This is the third year in a row that I’ve written about my mom’s passing, and it occurred to me today that I’m not sure when or if I will ever stop writing about it. It’s not just that it’s so therapeutic for me, or that it gives me a chance to bring her back to life, even if for a moment. It’s that it never stops hurting or feeling relevant, and I never stop stumbling upon new revelations or stages in my healing.
As of tomorrow, it will be ten years since that unexpected, soul-rattling, life-changing moment occurred. Ten years. And in many ways, that moment is still with me after all that time. Because, somewhere beyond all the healing and acceptance, lies a pocket of time that stands immoveable inside me. It’s as if the months surrounding her death remain forever in the present, refusing to budge or resolve or make any sense. That part of me doesn’t want to move forward, partly because I don’t want to leave her behind, but mostly because I’m not done figuring it out.

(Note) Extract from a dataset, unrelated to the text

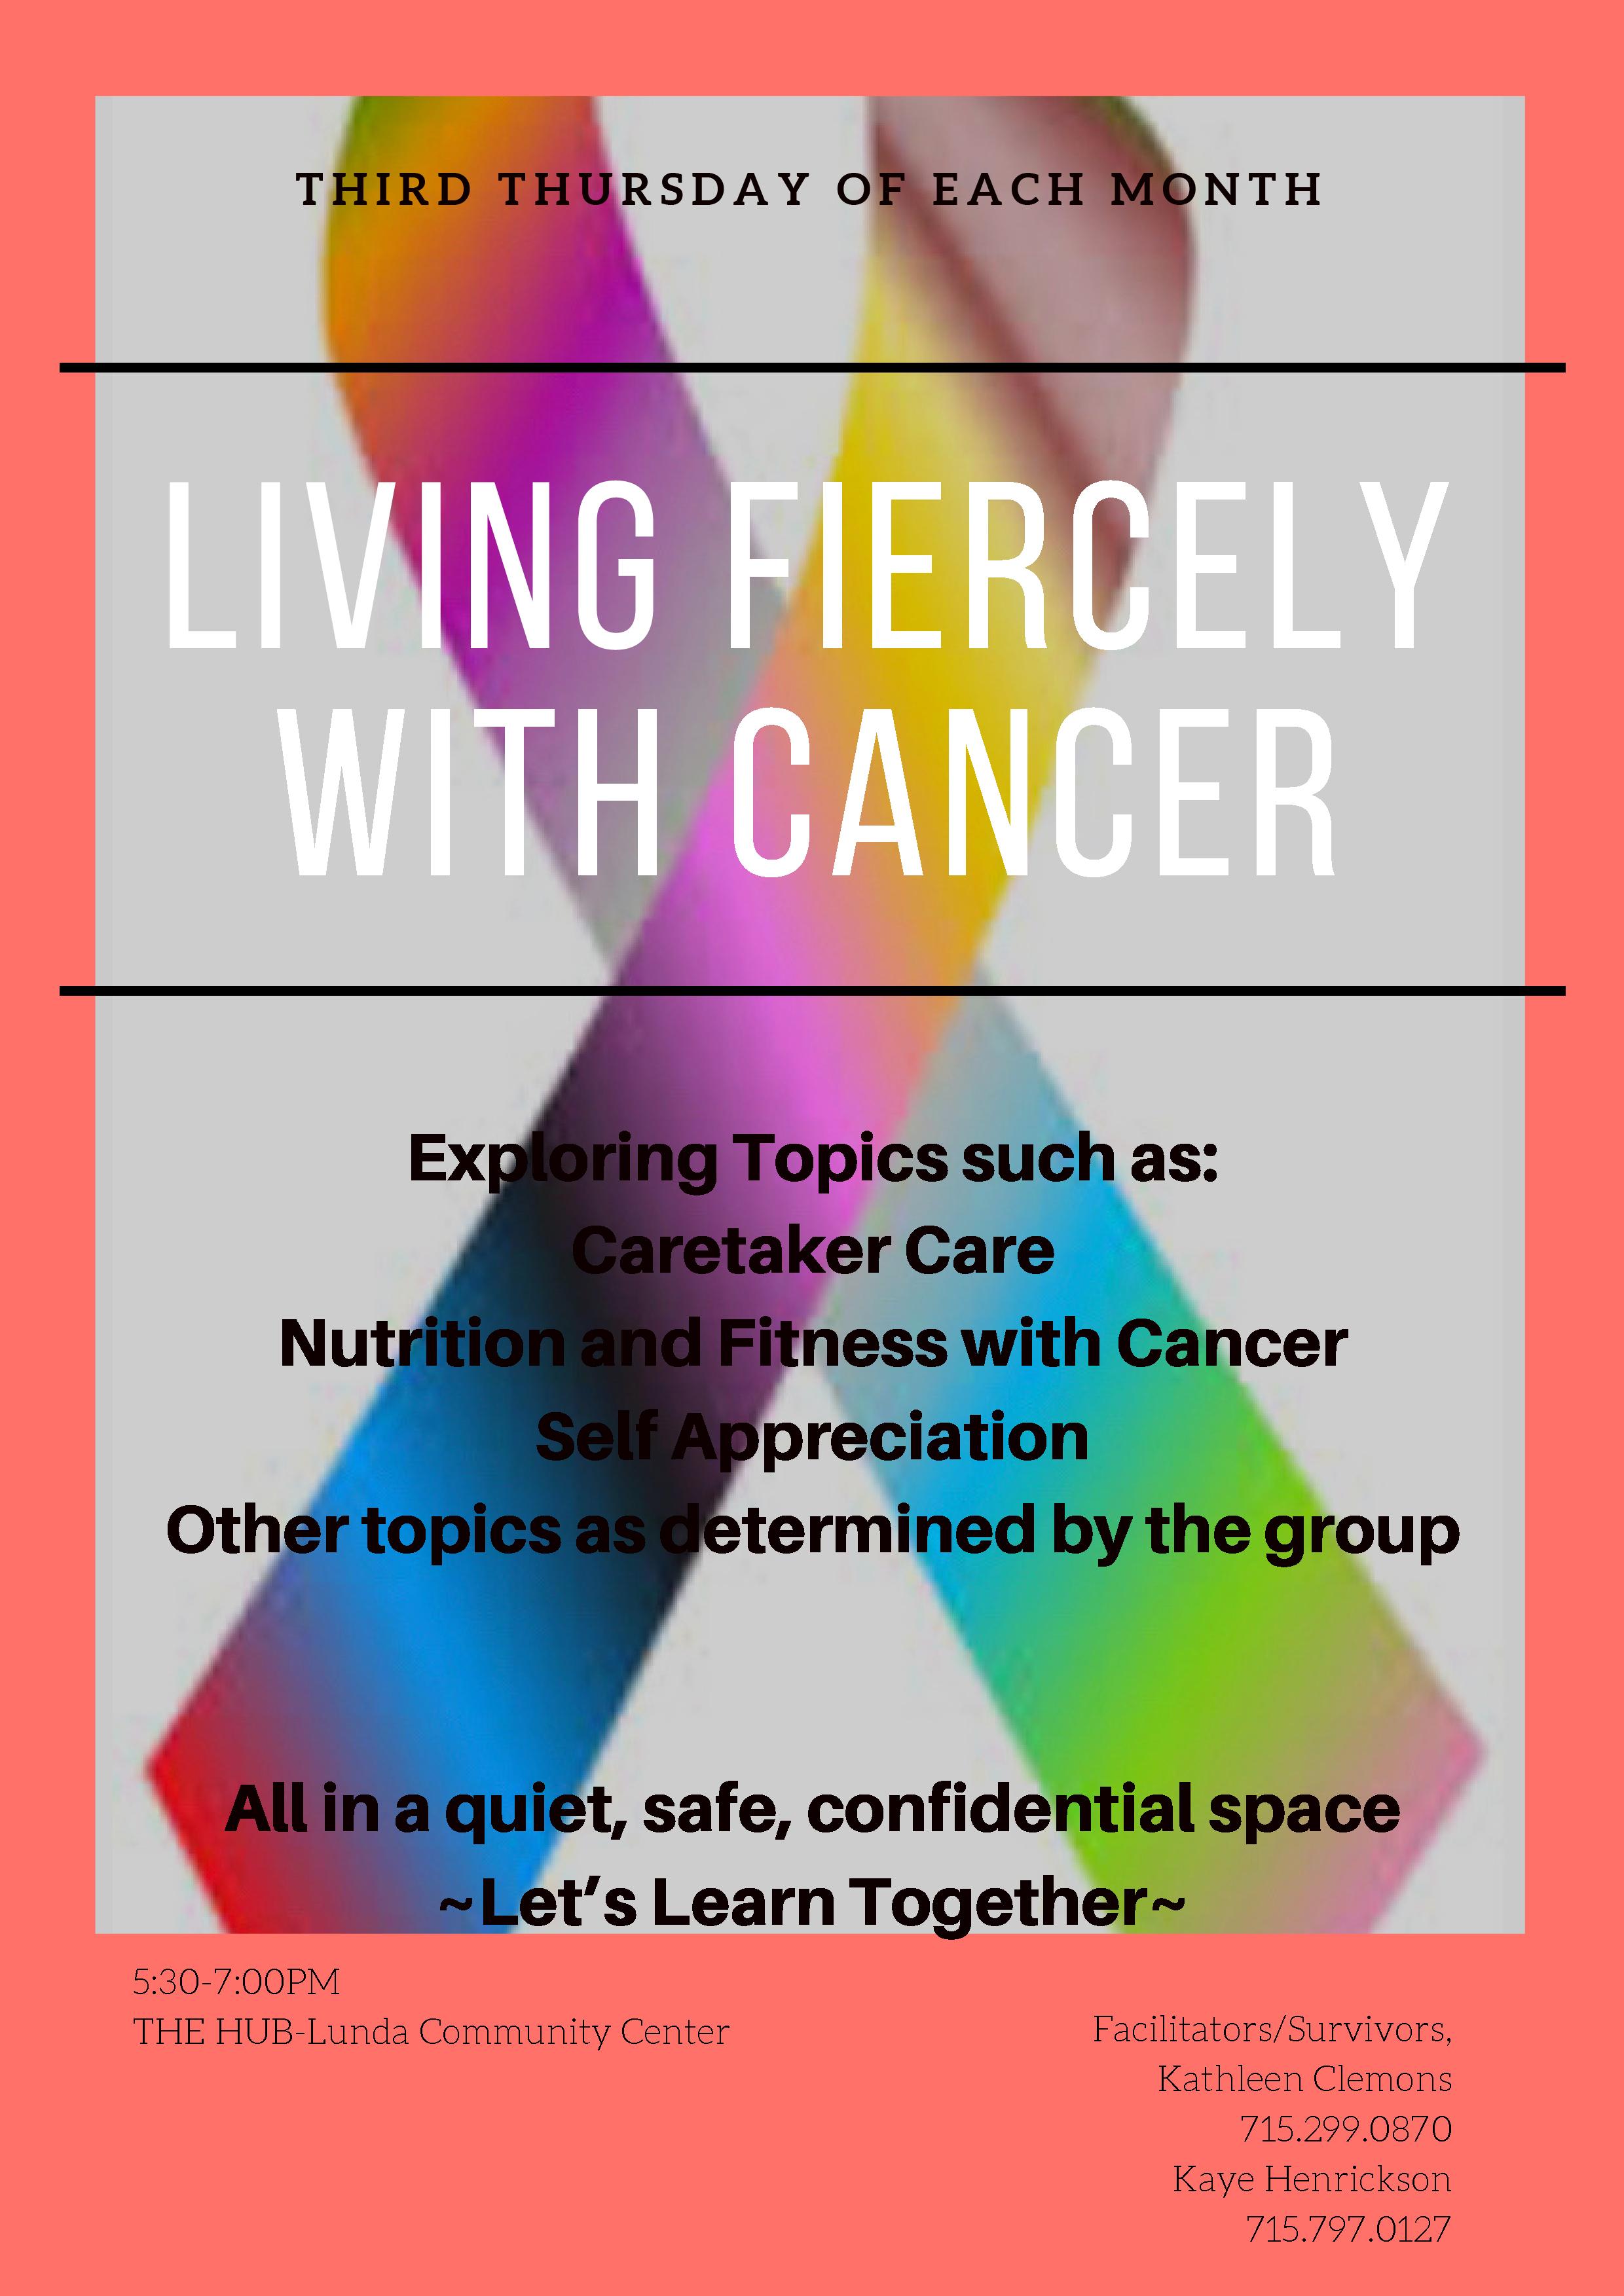 cancersupportgroup.jpg

In terms of mourning, ten years doesn’t feel all that long. It’s too much to process….and I may never be done.
On the other hand, it feels as if so much time has passed. My life is incredibly different. I am so different. It’s difficult to continue on imagining how she would fit into this life if she were still here….the game I used to play daily in order to cope….If she were here, she would tell me to move to California even though she’d miss me. If she were here, she would dislike this boyfriend….and love this husband. If she were here, she would be proud of me for owning my life as an artist….she always encouraged me to be just that. If she were here, her second home would be in my guest room….and my child would be like her own.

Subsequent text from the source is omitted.